Bessie and her sister Elsie graze in different fields during the day, and in the evening they both want to walk back to the barn to rest. Being clever bovines, they come up with a plan to minimize the total amount of energy they both spend while walking.

Bessie spends B units of energy when walking from a field to an adjacent field, and Elsie spends E units of energy when she walks to an adjacent field. However, if Bessie and Elsie are together in the same field, Bessie can carry Elsie on her shoulders and both can move to an adjacent field while spending only P units of energy (where P might be considerably less than B+E, the amount Bessie and Elsie would have spent individually walking to the adjacent field). If P is very small, the most energy-efficient solution may involve Bessie and Elsie traveling to a common meeting field, then traveling together piggyback for the rest of the journey to the barn. Of course, if P is large, it may still make the most sense for Bessie and Elsie to travel separately. On a side note, Bessie and Elsie are both unhappy with the term “piggyback”, as they don’t see why the pigs on the farm should deserve all the credit for this remarkable form of transportation.
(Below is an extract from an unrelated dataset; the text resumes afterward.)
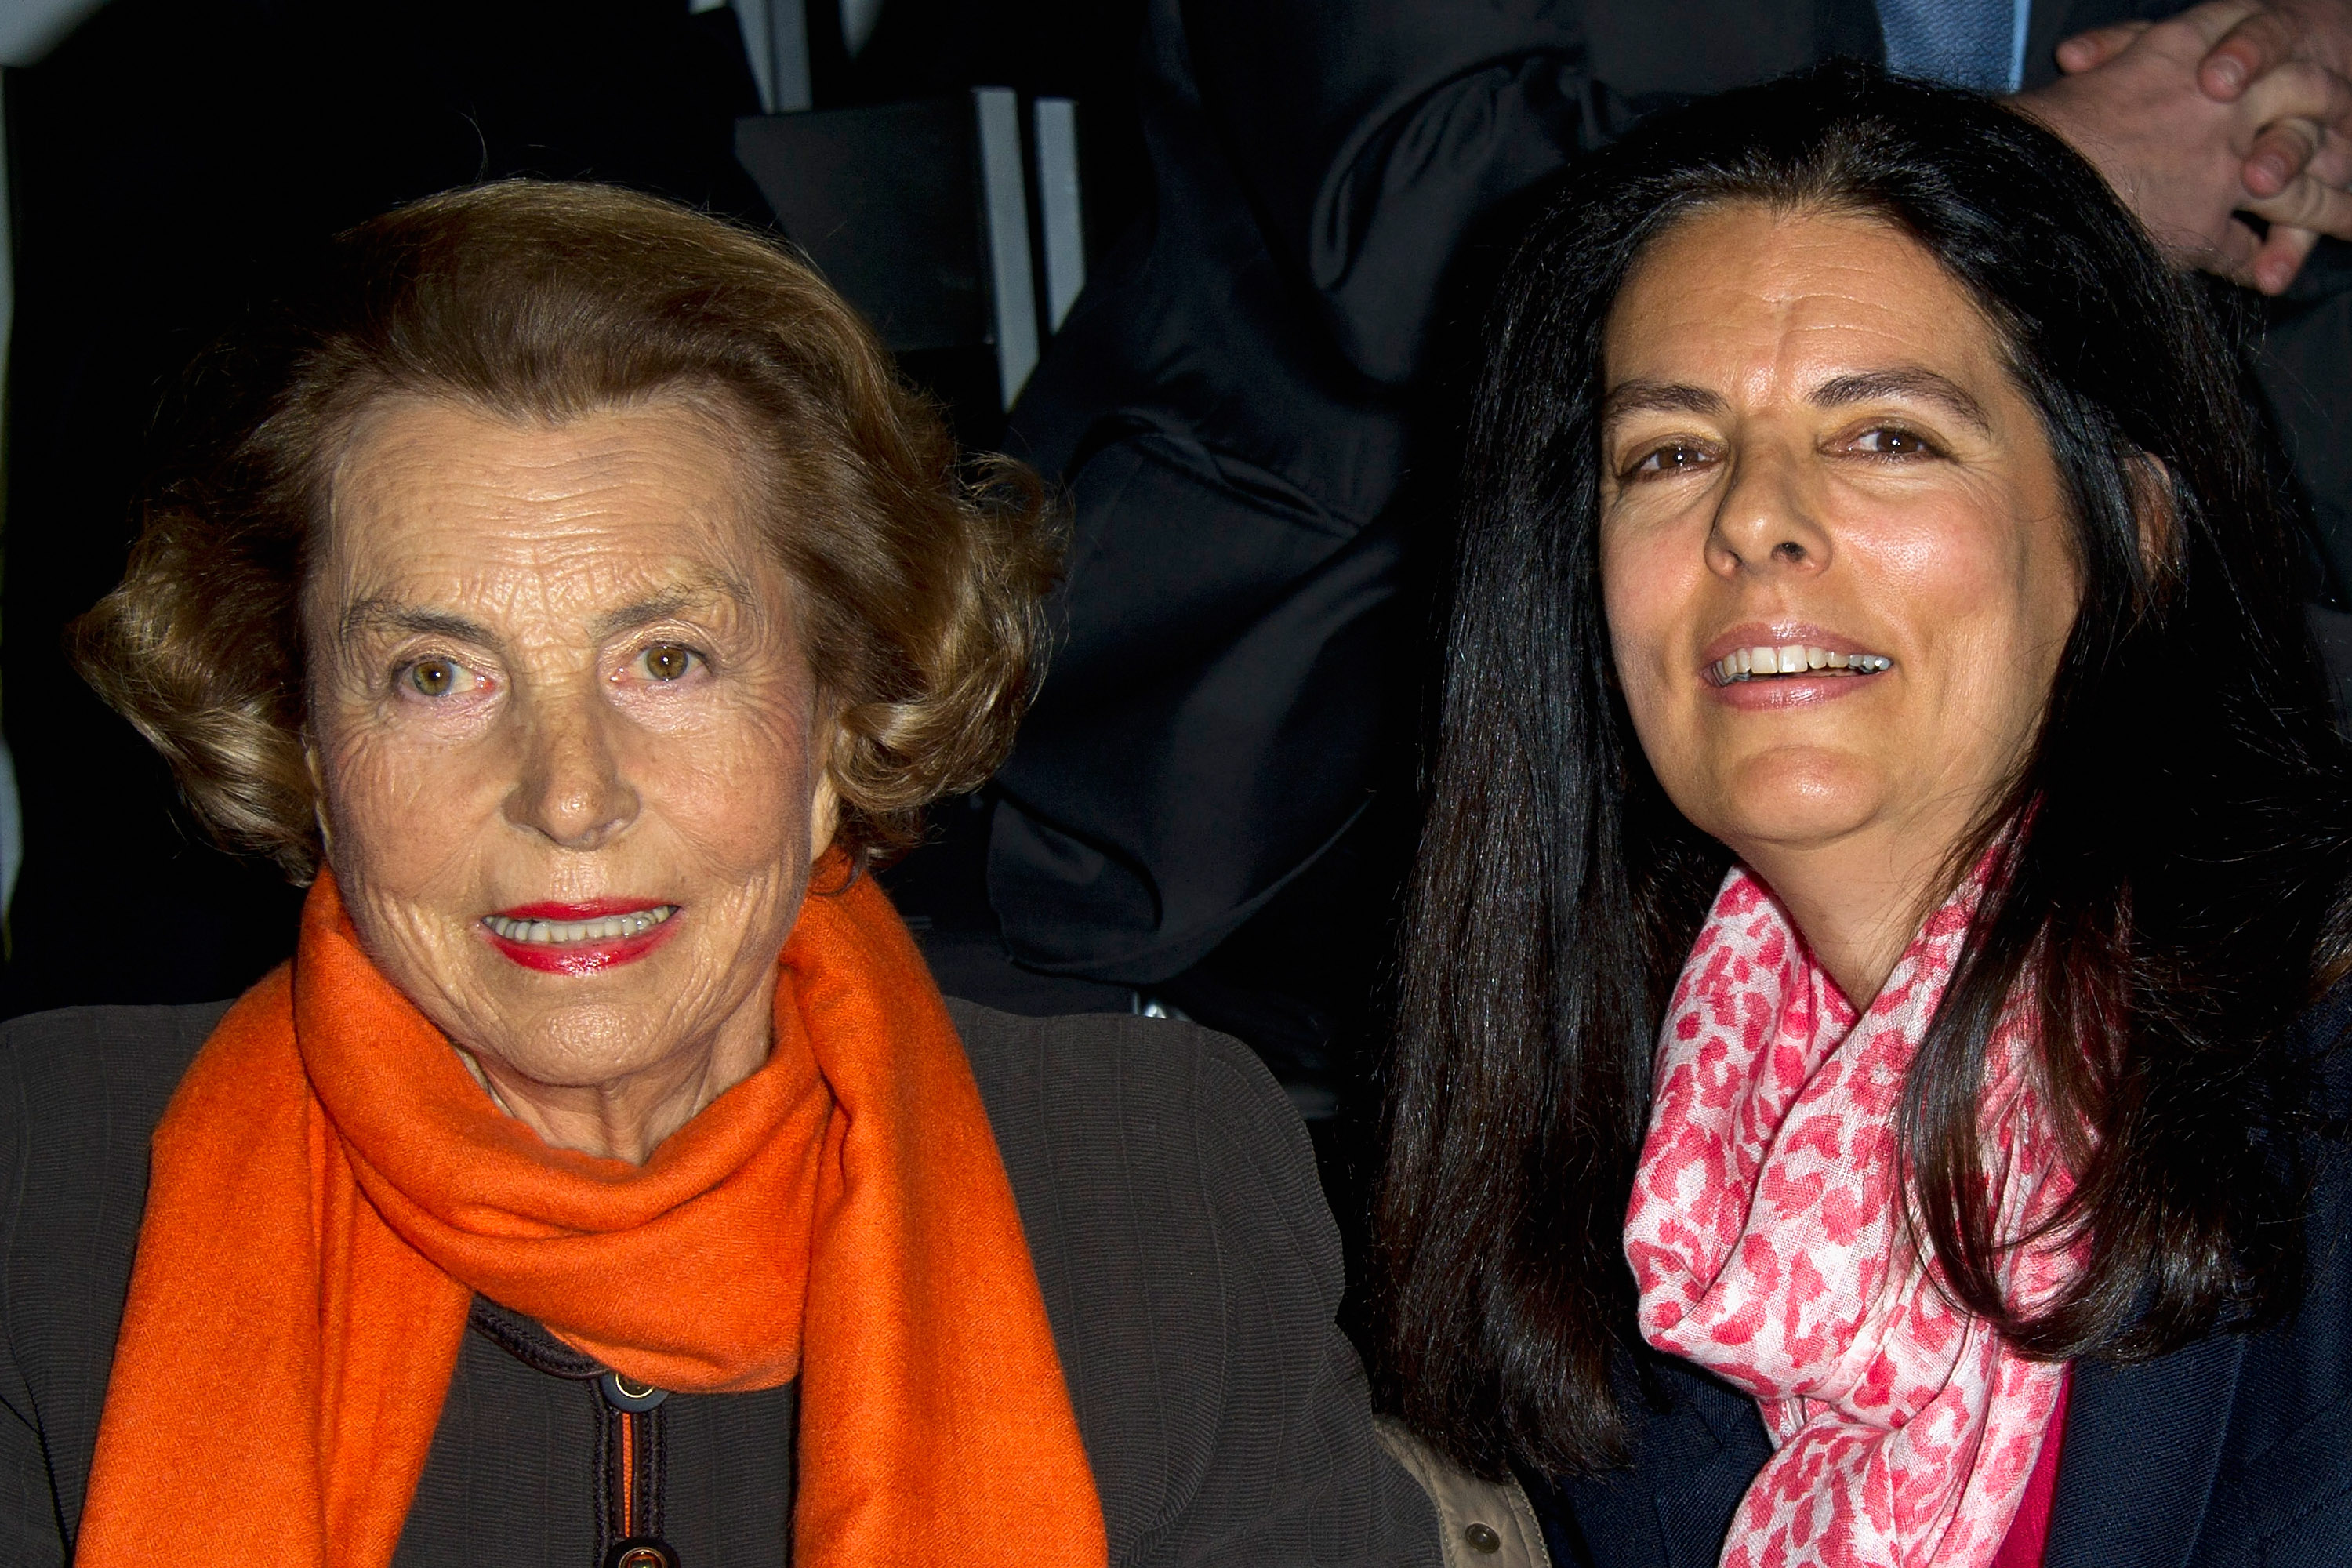 Lilian Bettencourt and Françoise Bettencourt Meyers at Paris Fashion Week in Paris, France on January 24, 2012 | Source: Getty Images

Given B, E, and P, as well as the layout of the farm, please compute the minimum amount of energy required for Bessie and Elsie to reach the barn.

INPUT: (file piggyback.in)

The first line of input contains the positive integers B, E, P, N, and M. All of these are at most 40,000. B, E, and P are described above. N is the number of fields in the farm (numbered 1..N, where N >= 3), and M is the number of connections between fields. Bessie and Elsie start in fields 1 and 2, respectively. The barn resides in field N.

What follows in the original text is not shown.